According to the Chief Executive of the London Stock Exchange (LSE), the proposed merger between the aforementioned group and Deutsche Bӧrse has been driven by a necessity to adapt to the reshaping market.
"The way we look at this is we've got to be pushing a little bit ahead of the rest of the industry", says Xavier Rolet, Chief Executive of the LSE, who also indicated that his German partner agreed.
"The real question is not so much how long it is going to take Deutsche Bӧrse. What about the others, the rest of the industry who are refusing to change because they feel that currently in their regulatory environment they're quite protected?"
Many are sceptical about the two exchanges, with politicians, regulators and shareholders being numbered among them. Together, the two exchanges hope to create a London-based European exchange of a size that would enable them to compete against the likes of CME Group, ICE, and Hong Kong Exchanges & Clearing.
Some shareholders are particularly concerned because they are also users of exchange services. "When all is said and done, the industry needs to be structured for customers, not just shareholders" says Rob Boardman, Chief Executive of ITG Europe. But while Rolet acknowledges the weakness of market infrastructure, he argues that it's perfectly achievable to generate long-term shareholder value with the LSE's open access policy.

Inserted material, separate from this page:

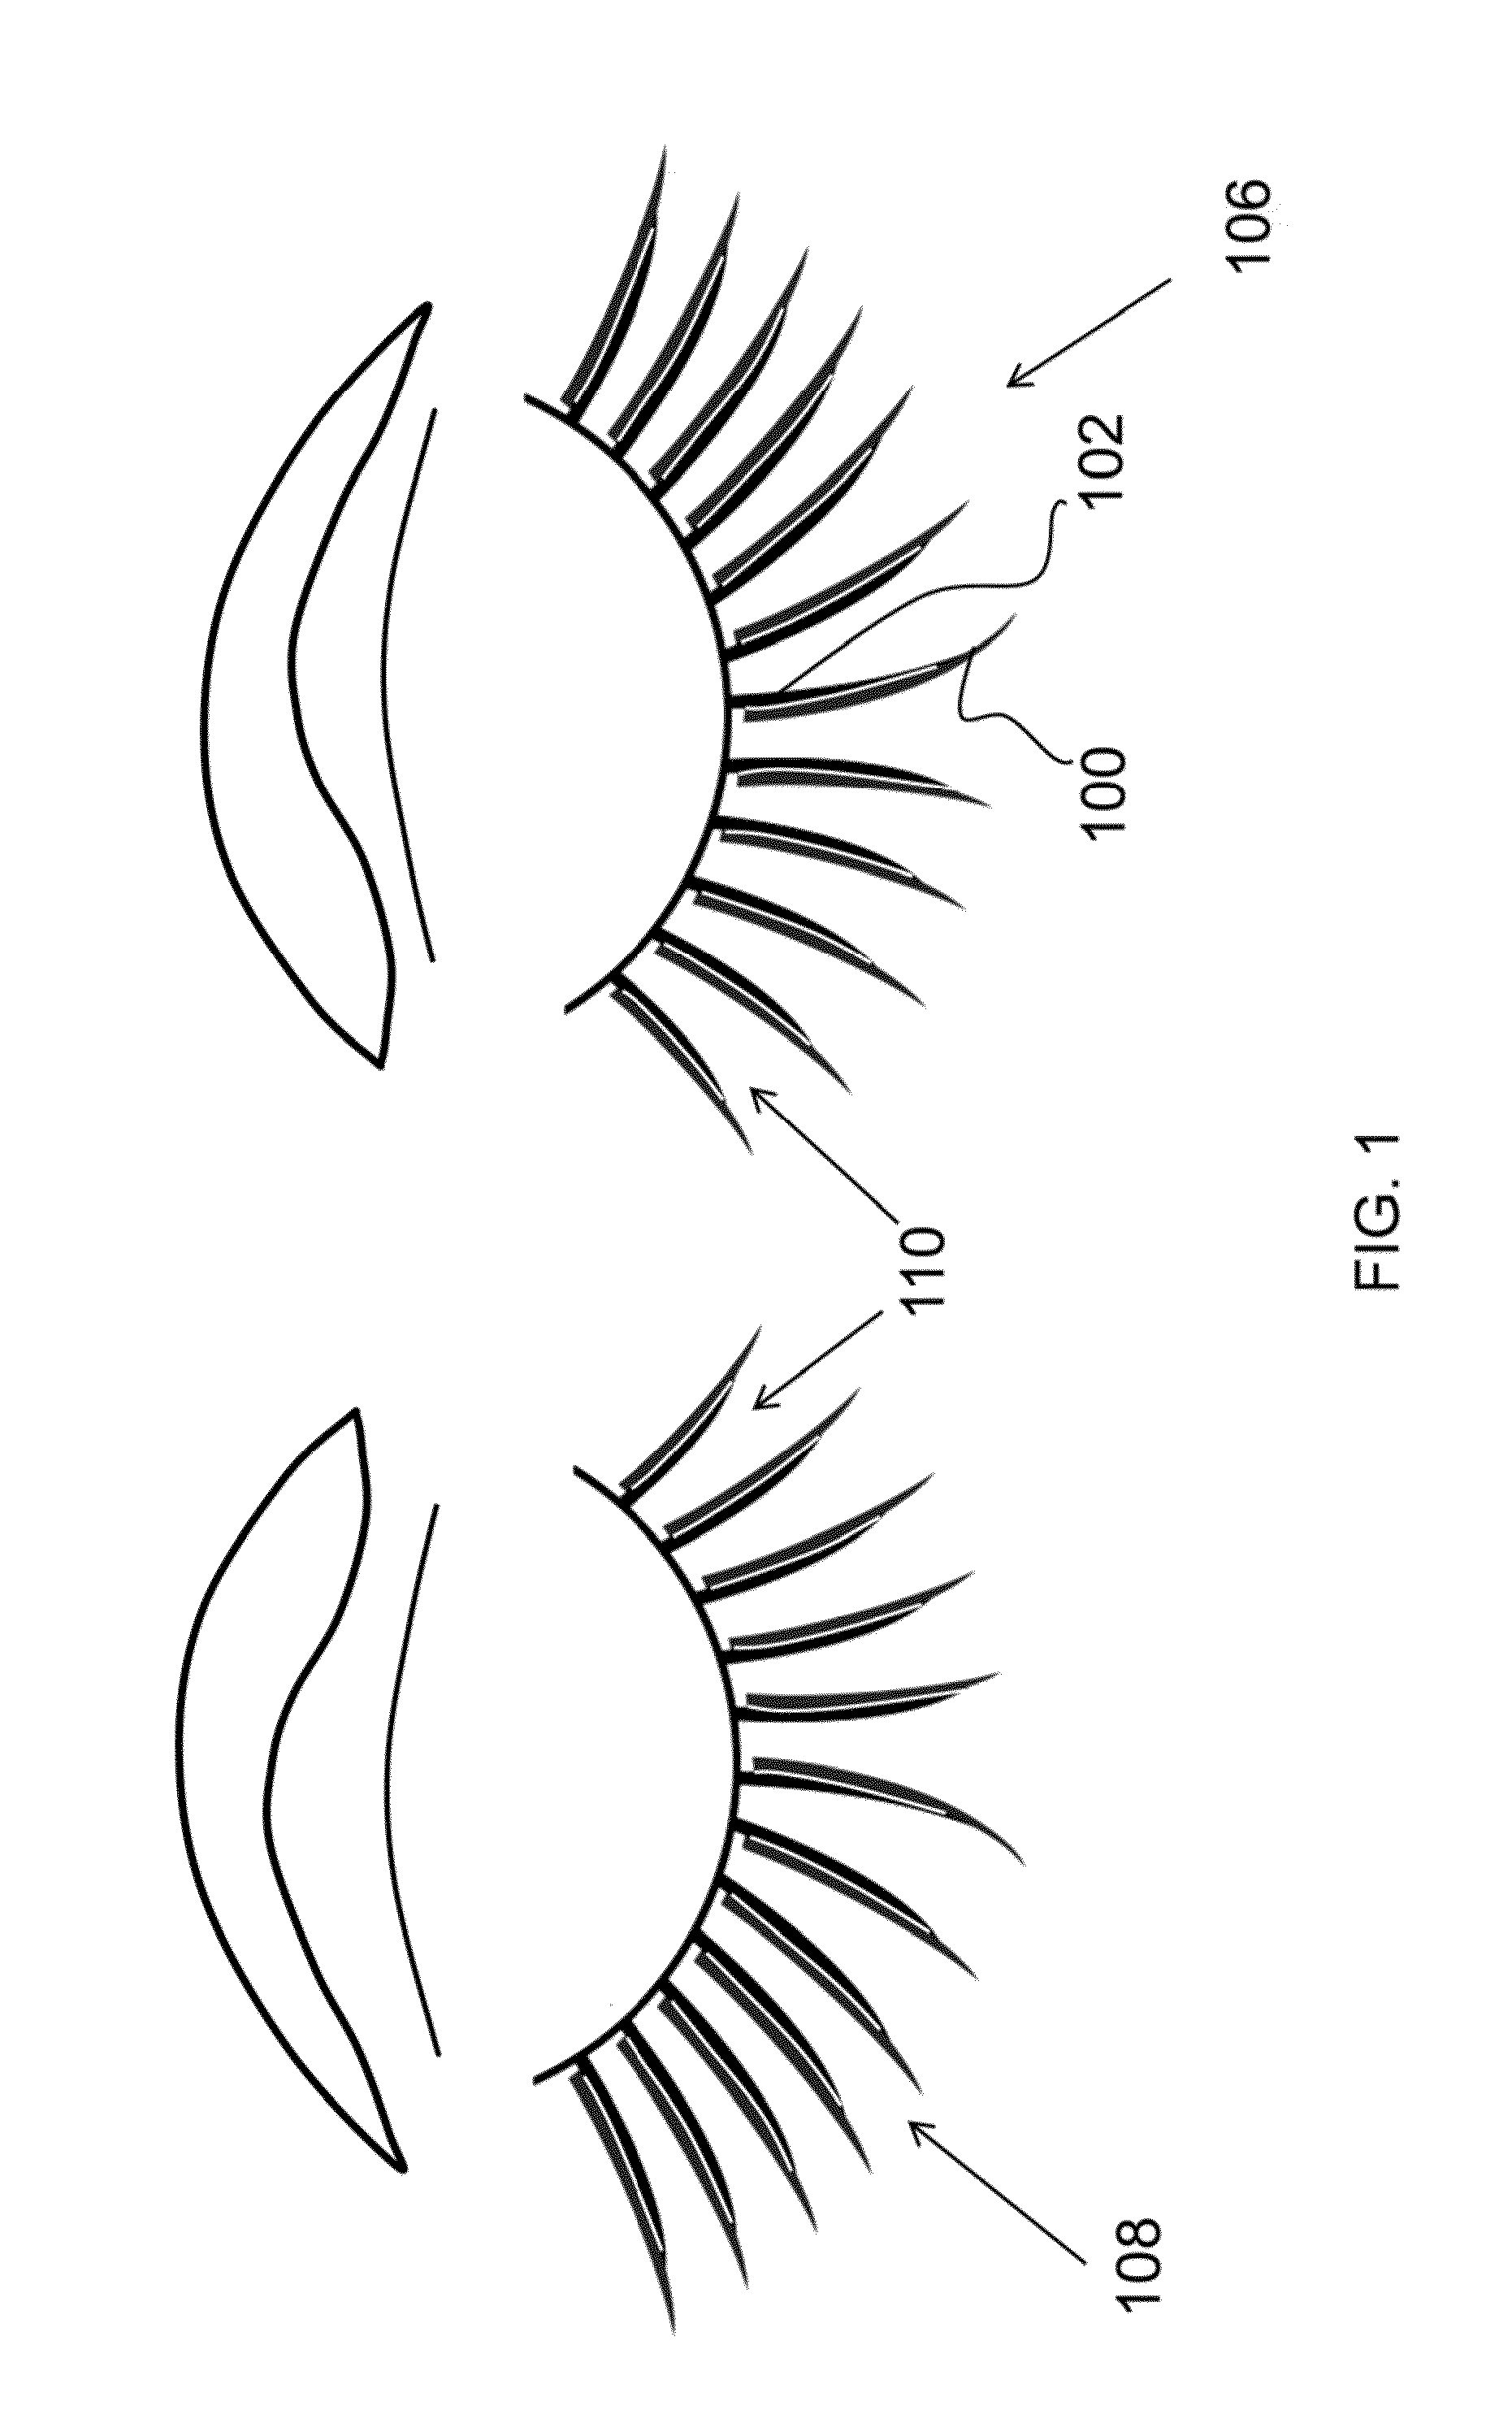 Method for grouping eyelashes and applying eyelash extensions

While open access has not been popular with other exchanges, with some of them arguing that it can stagger innovation, it has been accepted in London.
Parts of it have been taken and assimilated into a unique offer that new Deutsche Bӧrse boss, Carsten Kengeter, and customers prefer, according to Rolet. "I think this is very intuitive to young people who live in the age of the internet. It's less intuitive to sometimes relatively hidebound exchange organisations that are steeped in the past."
"Open access is fundamentally pro-competition" says Rolet.